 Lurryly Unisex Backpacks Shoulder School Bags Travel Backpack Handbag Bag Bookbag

----

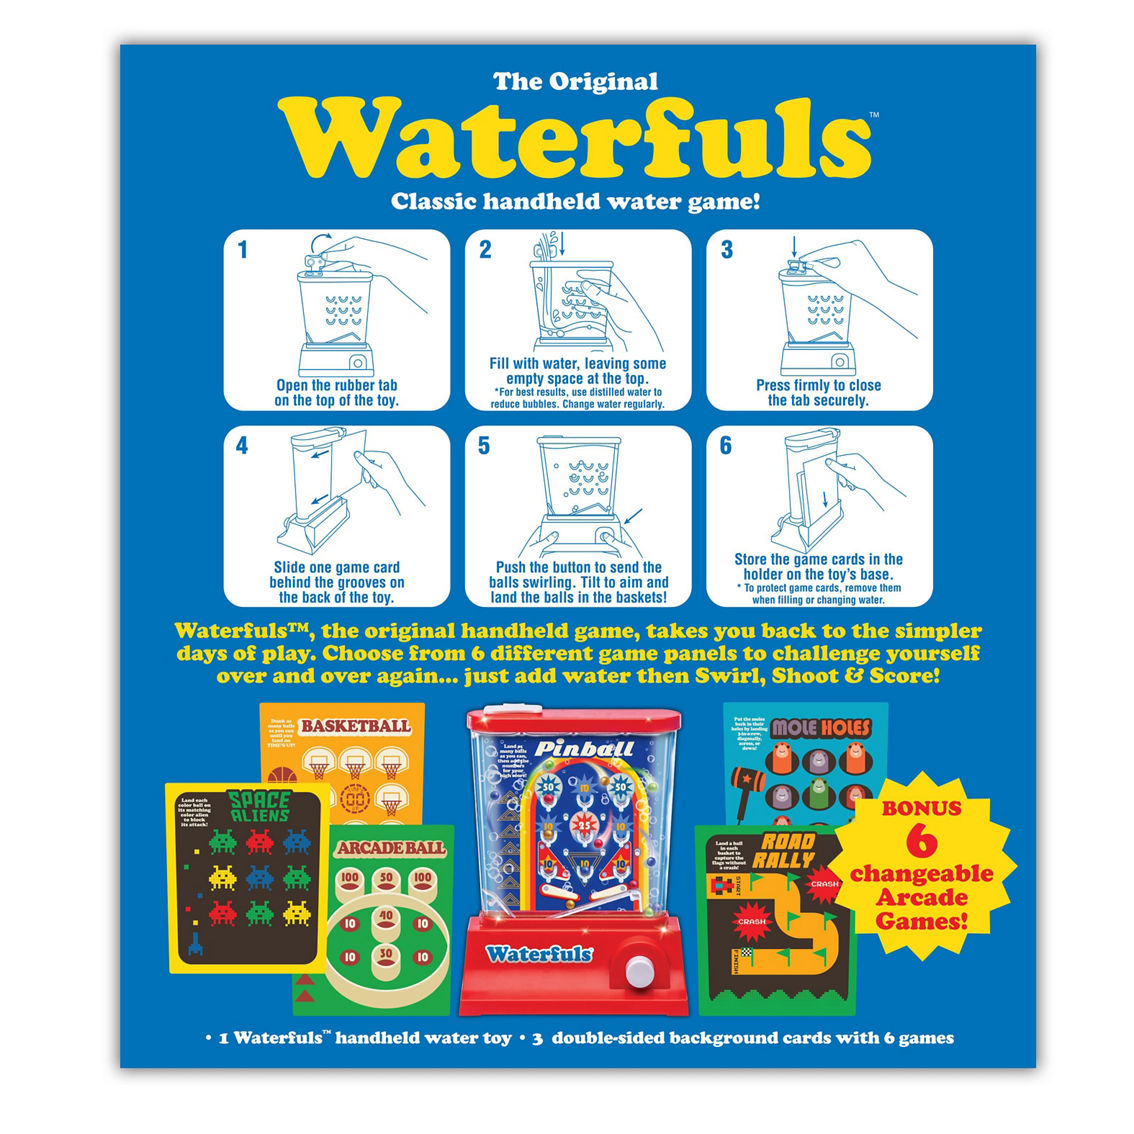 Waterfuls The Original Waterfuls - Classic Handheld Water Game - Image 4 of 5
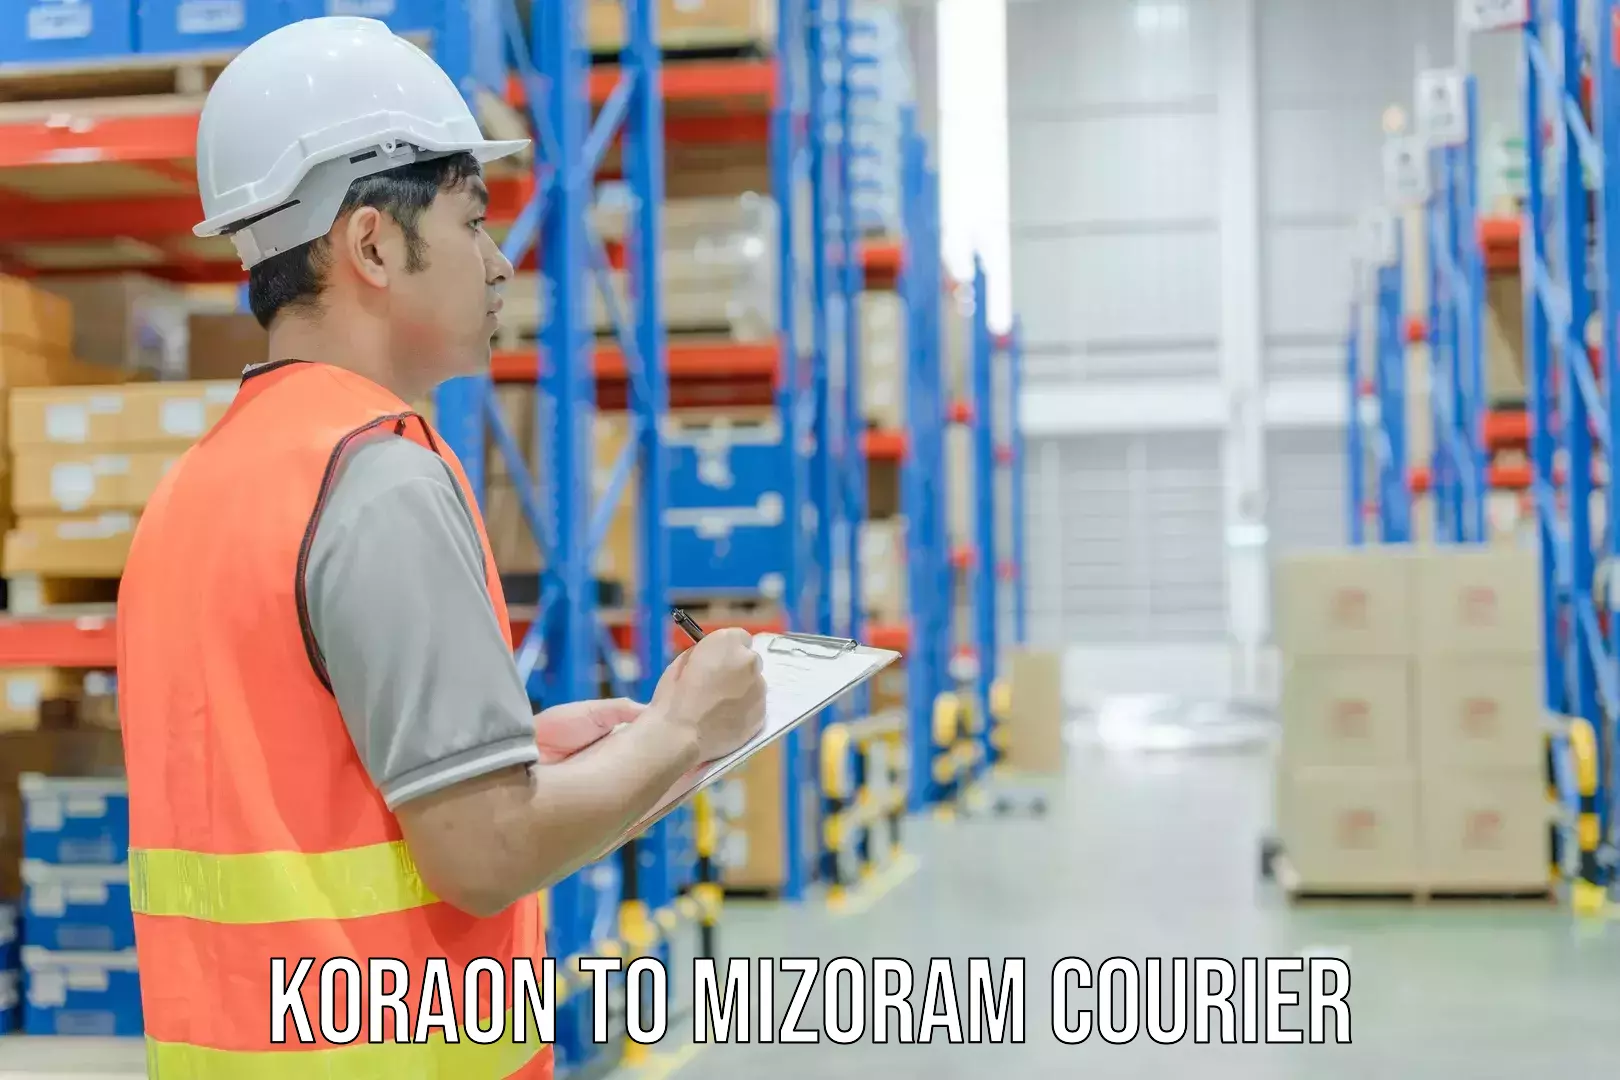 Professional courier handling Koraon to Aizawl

----

■ Aim of the exercise:
Every line above in the stretch from the one with "Waterfuls The Original" through the one with "Professional courier handling" is to be transcribed exactly, ends included. No picture is copied.

■ Solution to the problem:
 Waterfuls The Original Waterfuls - Classic Handheld Water Game - Image 4 of 5
 Professional courier handling Koraon to Aizawl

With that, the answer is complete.